Data provided:

********************

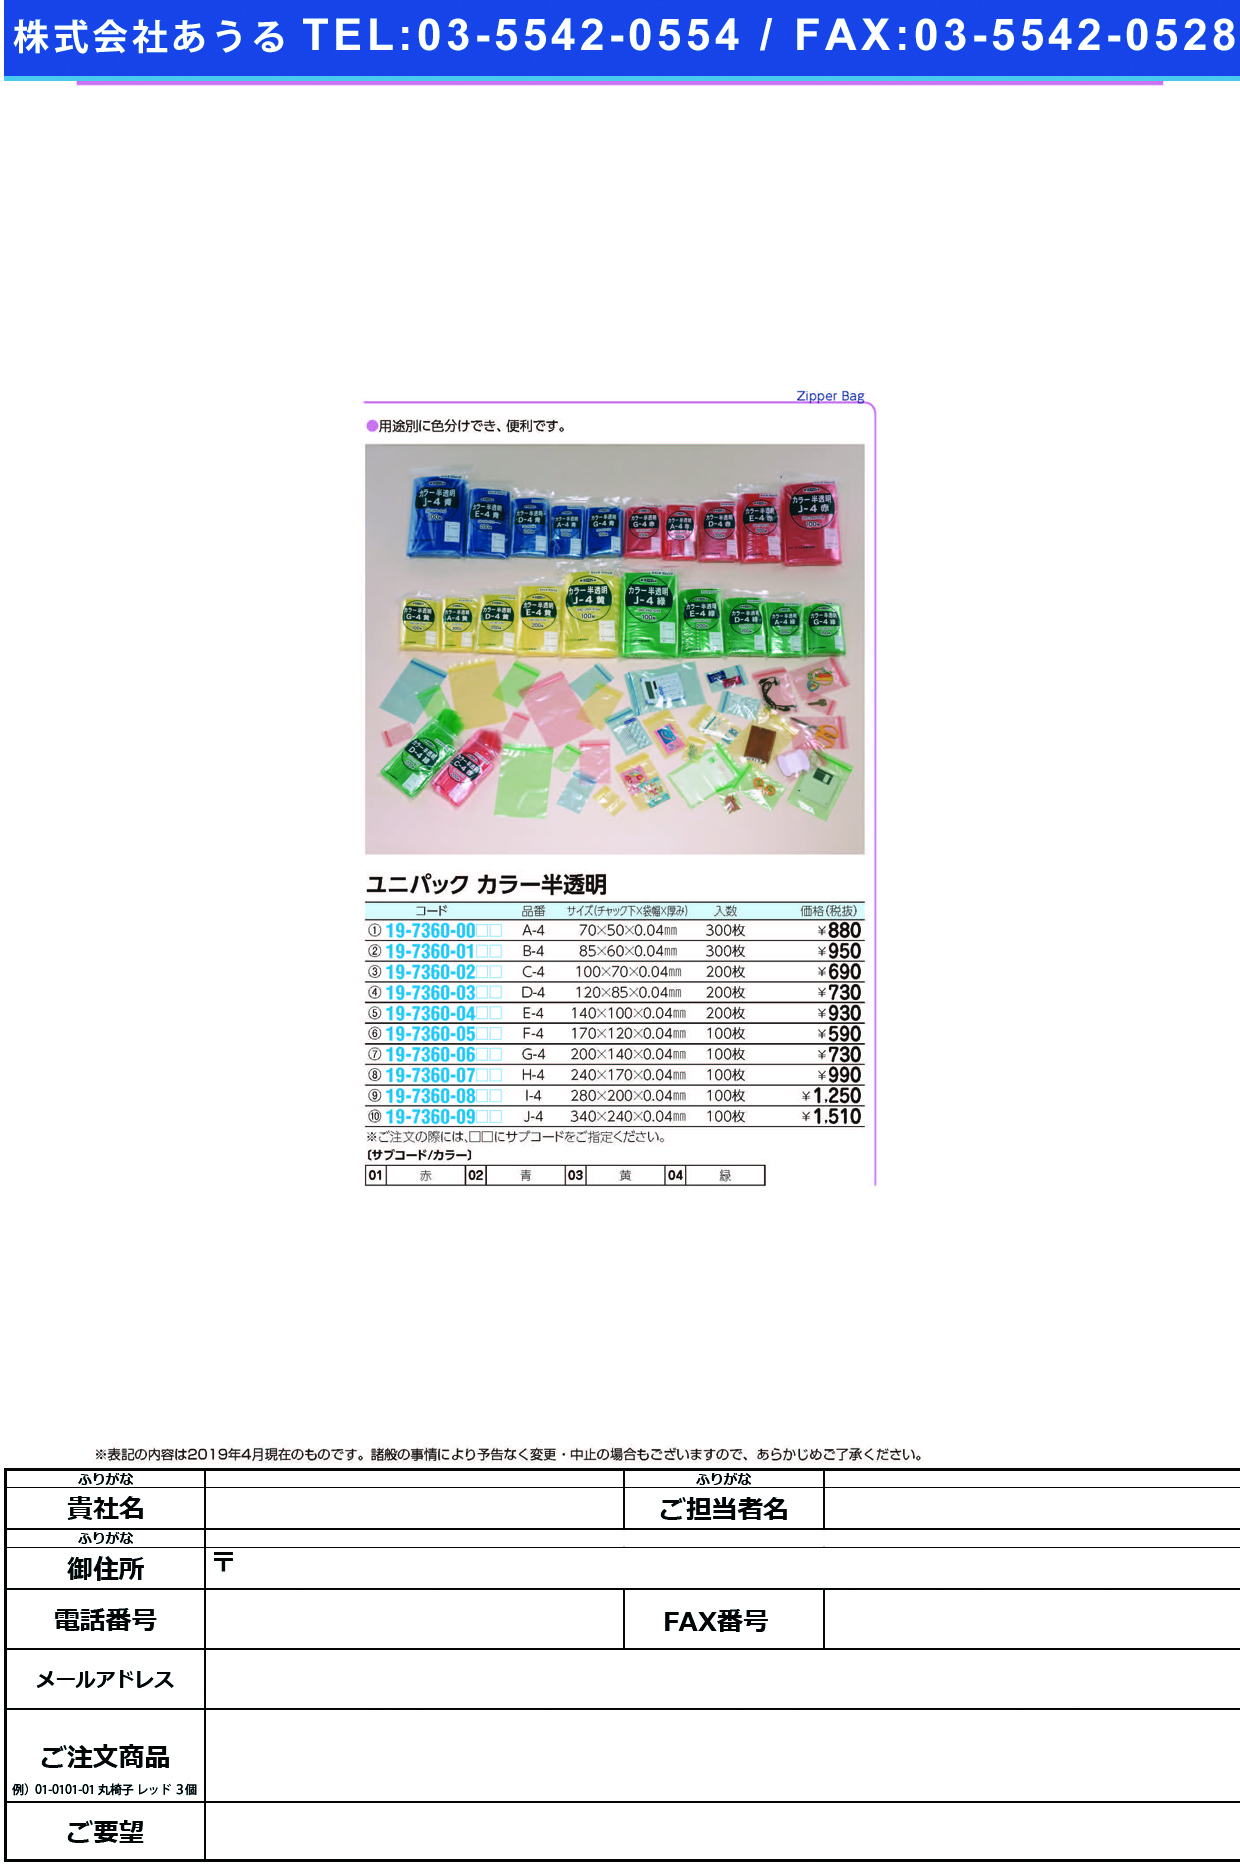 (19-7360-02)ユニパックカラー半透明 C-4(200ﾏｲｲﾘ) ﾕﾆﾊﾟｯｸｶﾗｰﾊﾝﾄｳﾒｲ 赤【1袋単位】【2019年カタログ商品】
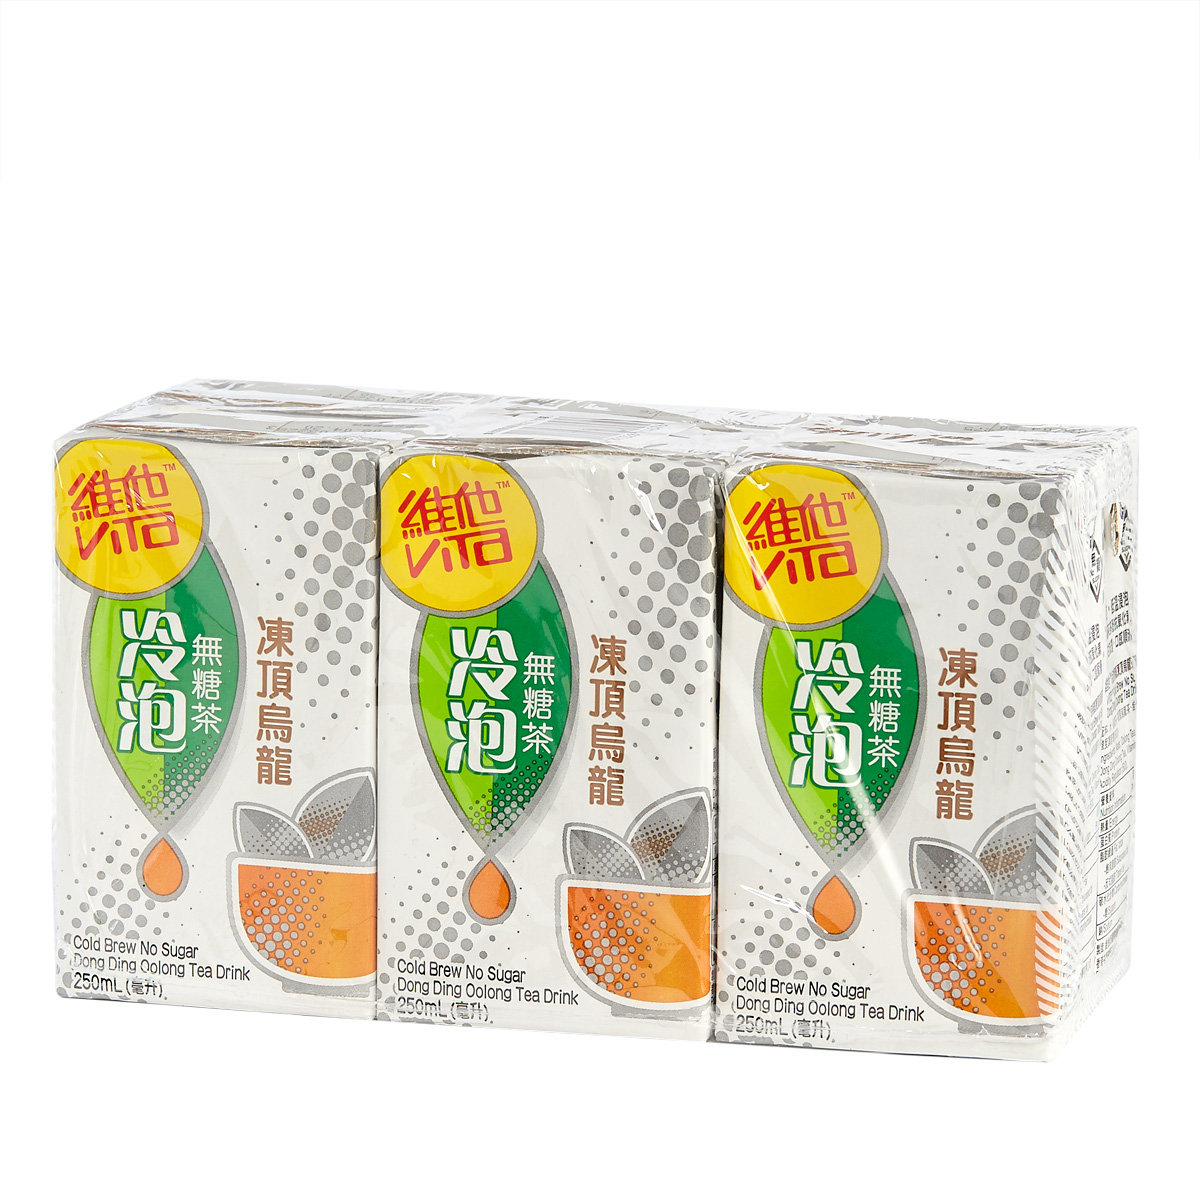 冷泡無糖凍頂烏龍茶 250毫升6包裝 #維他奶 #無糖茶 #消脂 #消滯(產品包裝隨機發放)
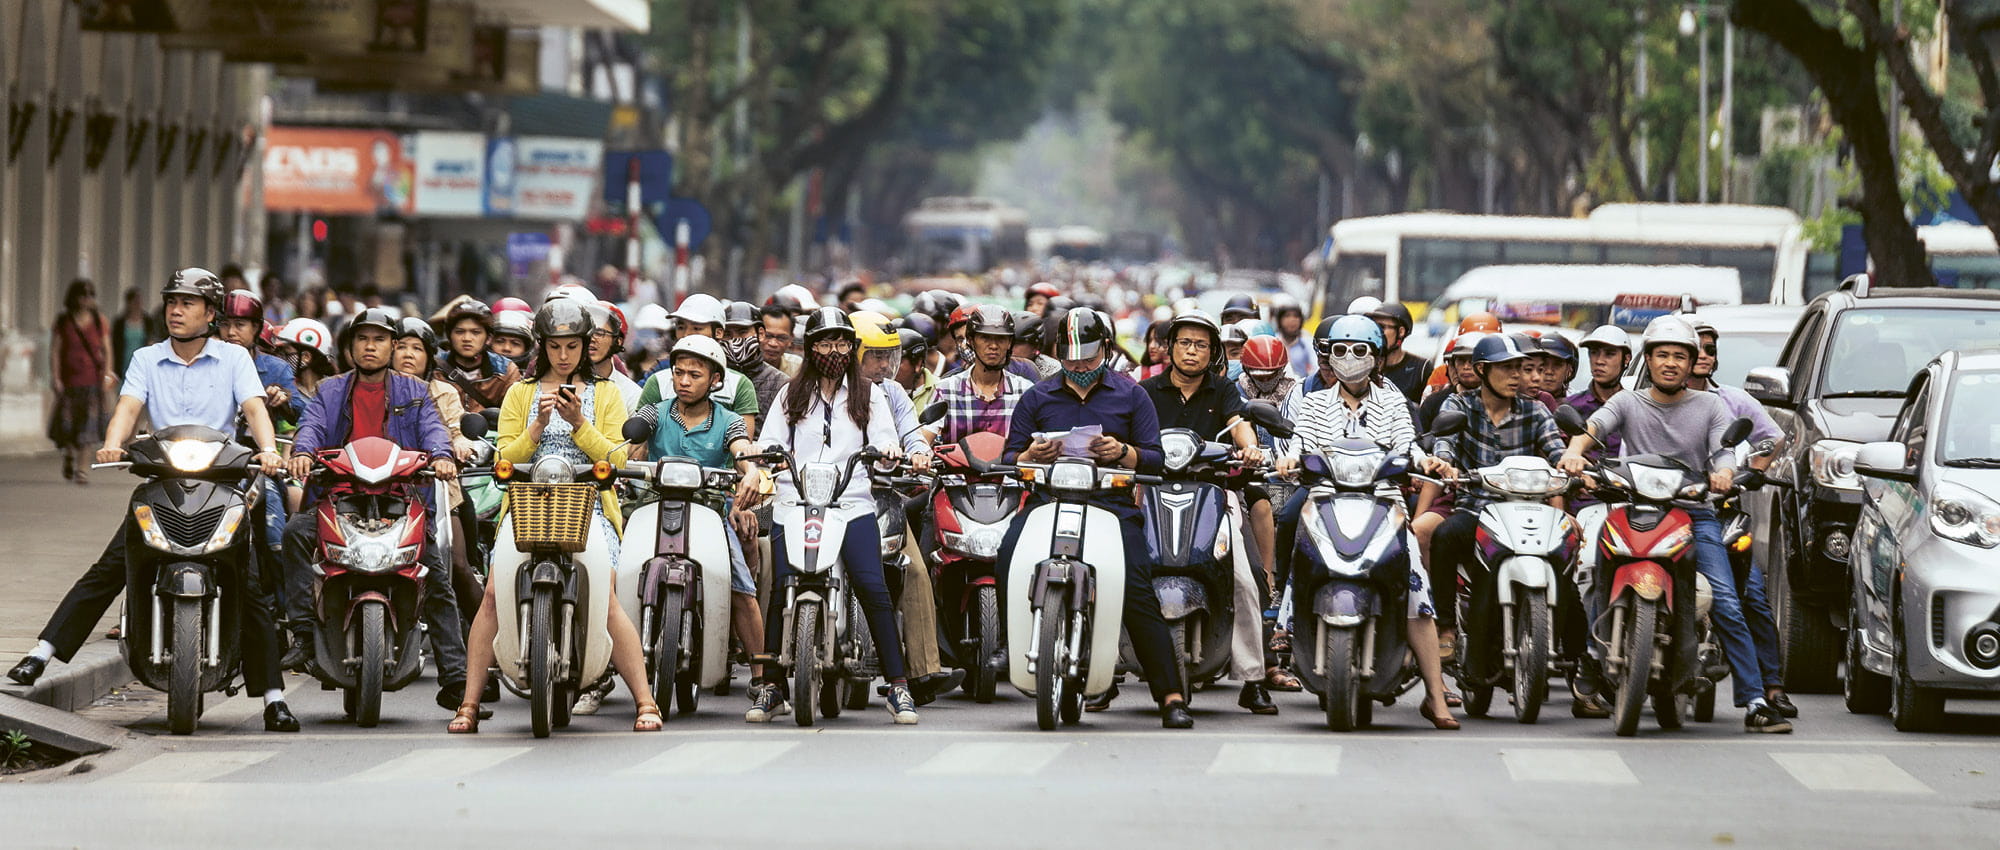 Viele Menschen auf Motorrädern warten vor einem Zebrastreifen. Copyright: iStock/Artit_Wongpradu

********************

About this exercise: The response should reproduce all the material above exactly and leave out its pictures.

Problem solution:
 (19-7360-02)ユニパックカラー半透明 C-4(200ﾏｲｲﾘ) ﾕﾆﾊﾟｯｸｶﾗｰﾊﾝﾄｳﾒｲ 赤【1袋単位】【2019年カタログ商品】
 冷泡無糖凍頂烏龍茶 250毫升6包裝 #維他奶 #無糖茶 #消脂 #消滯(產品包裝隨機發放)
 Viele Menschen auf Motorrädern warten vor einem Zebrastreifen. Copyright: iStock/Artit_Wongpradu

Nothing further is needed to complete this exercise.